A drug targeting dopamine receptors might be able to "kick-start" an injured brain, enabling certain kinds of vegetative and minimally conscious patients to recover faster.

Esteban Fridman of the FLENI hospital in Buenos Aires thinks the crux of the problem for such patients lies in their neuron-connecting axons. They are so badly damaged that they have a difficult time carrying chemical signals, or neurotransmitters, from neuron to neuron. Axons get disrupted when they are subject to stresses such as cranial impact—as when a fighter gets hit in the head or a driver smacks into the steering wheel in a car accident.

As a possible treatment for such damage, Fridman has focused on apomorphine, which binds to the brain's dopamine receptors. Dopamine, a neurotransmitter well known for its role in Parkinson's disease, is part of the mechanism controlling arousal and motivated behavior; it also plays a role in consciousness disorders.

Why apomorphine?
Fridman hypothesizes that apomorphine might work by acting in place of dopamine. Flooding the injured brain with the chemical might stimulate it enough to repair the connections, enabling the patients to reach full consciousness. He notes the drug wouldn't work in cases where the brain has been deprived of oxygen or blood, because the damage is more widespread. Terri Schiavo, a Florida woman whose care sparked a nationwide controversy that peaked in 2005, was in a vegetative state caused by that kind of injury.

One reason Fridman chose apomorphine was that it reaches dopamine receptors directly, even if the body's own ability to make the neurotransmitter is damaged. Apomorphine also binds to many types of dopamine receptors. Some other drugs, such as levodopa (L-dopa), are actually precursors—they are converted into dopamine by the body rather than acting directly on the receptors, so if that conversion mechanism were impaired they would be less helpful. Other drugs, such as amantadine, boost cellular production of dopamine, but if those cells are damaged or less active then they can only be boosted so far. Yet others only bind to certain dopamine receptors.

Fridman first tried apomorphine on a patient in 2004. The man had been in a minimally conscious state for 104 days. After he was given the drug the patient's mother called Fridman to tell him her son had awakened after only 24 hours.

Over the next few years, Fridman and a colleague, Ben Zion Krimchansky at the Loewenstein Hospital Rehabilitation Center in Israel tried the drug on a total of eight patients. Seven recovered consciousness. (One subsequently died of an unrelated problem.) One welcome effect, Fridman says, was that patients did not regress even after the treatment was discontinued. Five improved to where they could walk, and one can now drive by himself. Fridman published some of these results in Neurotherapeutics in 2007 as well as one of his single patient observations in Brain Injury in 2009.

But because these clinical observations were not double-blind studies—in which neither the physicians nor the patients know if subjects get a placebo or the drug—Fridman currently is starting a formal clinical study with a total of 76 patients. The apomorphine will be given between one and four months after a traumatic brain injury, and the dosages will be spread over several weeks, given over 12-hour periods. Some patients will get the drug and some will be controls.

The study is being sponsored by Boston-based Neurohealing Pharmaceuticals with initial funding from a U.S. Food and Drug Administration "orphan drug" (a pharmaceutical developed for a rare condition) grant. It is scheduled for completion later this year, although it will more likely be finished in 2011, according to Neurohealing president Daniel Katzman.

Finding what works
Apomorphine fell out of favor as a treatment for Parkinson's because the drug needs to be injected, and that made it less practical for people with tremors. On top of that, it can cause nausea. But Fridman says those problems are less of a concern with vegetative and minimally conscious patients. It is also easier to give them controlled doses over many hours.

Apomorphine isn't the only drug being researched in this way. There are current studies of amantadine, which was originally developed for treating influenza. Fridman chose apomorphine, however, because his initial group of patients did not respond to amantadine, levodopa or other drugs that act on the dopamine system.

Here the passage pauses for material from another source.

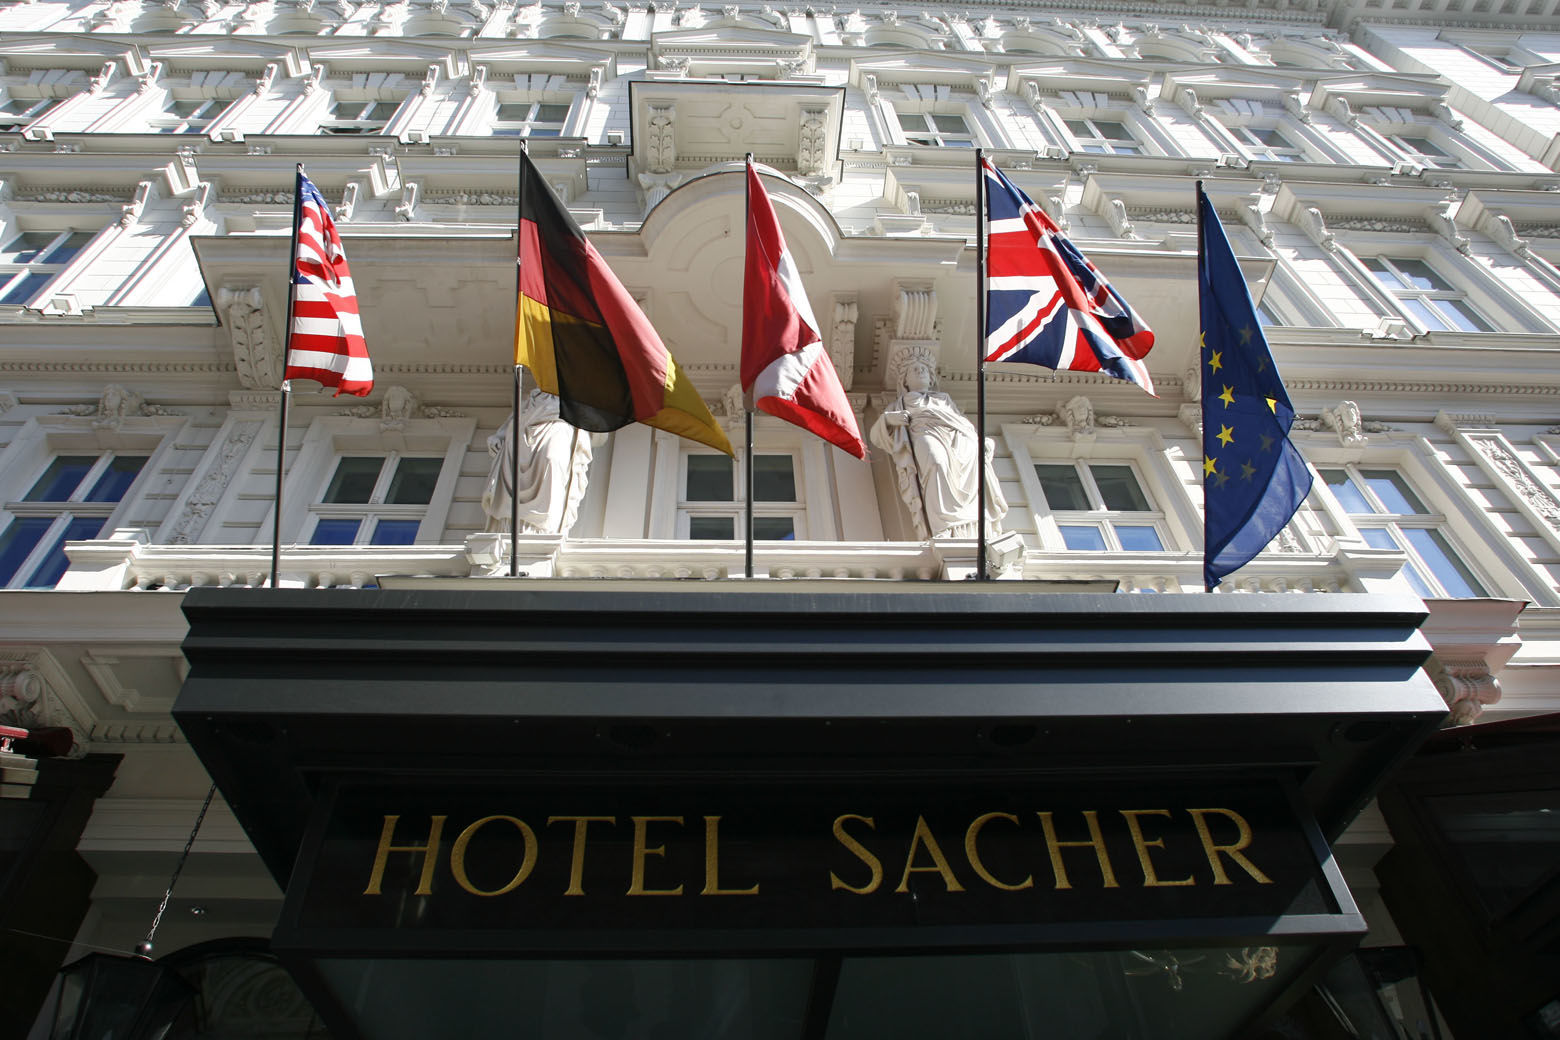 Der Haupteingang zum Hotel Sacher in Wien, aufgenommen am Freitag, 6. April 2007. (AP Photo/Hans Punz) --- The main entrance to Hotel Sacher in Vienna is seen on Friday, April 6, 2007. (AP Photo/Hans Punz)
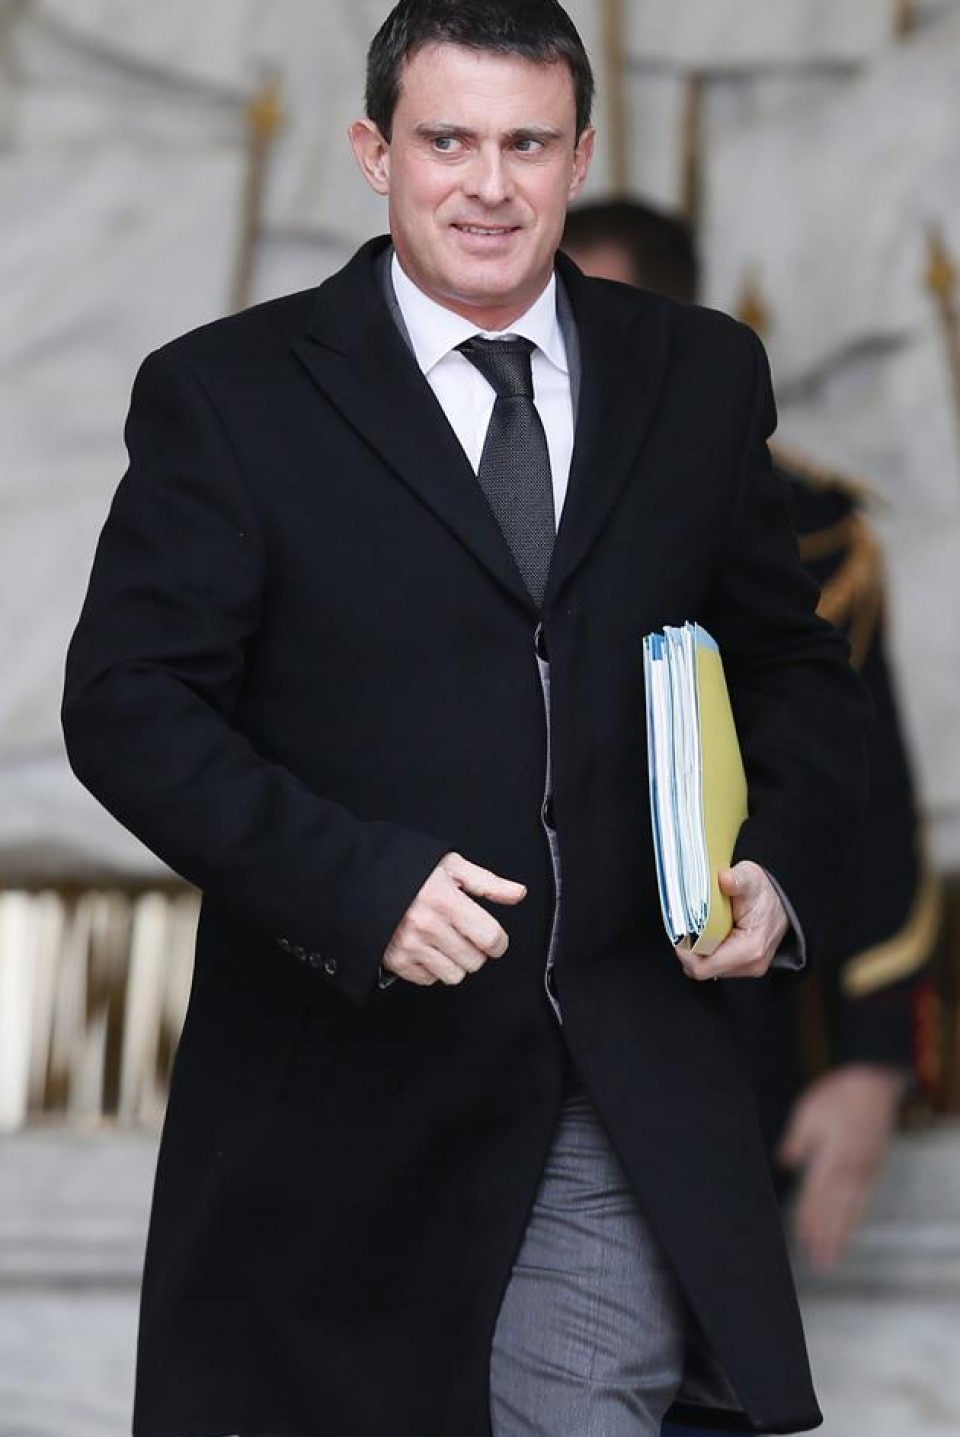 El primer ministro francés, Manuel Valls.

Ross Zafonte, chairman of the Department of Physical Medicine and Rehabilitation at Harvard, is leading the investigation in the U.S. He says he is cautious but enthusiastic about the prospects of apomorphine. He notes it isn't clear whether the dopamine pathways are the only driver for consciousness or if it is some combination with others. He also wants to find the optimal neurotransmitter pathways to target. But this study will help show what factors lead to faster recovery from vegetative and minimally conscious states, even if it only works in a minority of patients. In addition, even if the treatment only changes the rate of recovery, it still would be a step in the right direction.

Mary McMahon, associate professor of Pediatric Rehabilitation at Cincinnati Children's Hospital Medical Center, has done small-scale work with amantadine, and is not involved with Fridman and Zafonte's work. She says their trial is important to establish what drug therapies may be effective as well as to find out how much of the effect is caused by the drug and how much is through natural healing.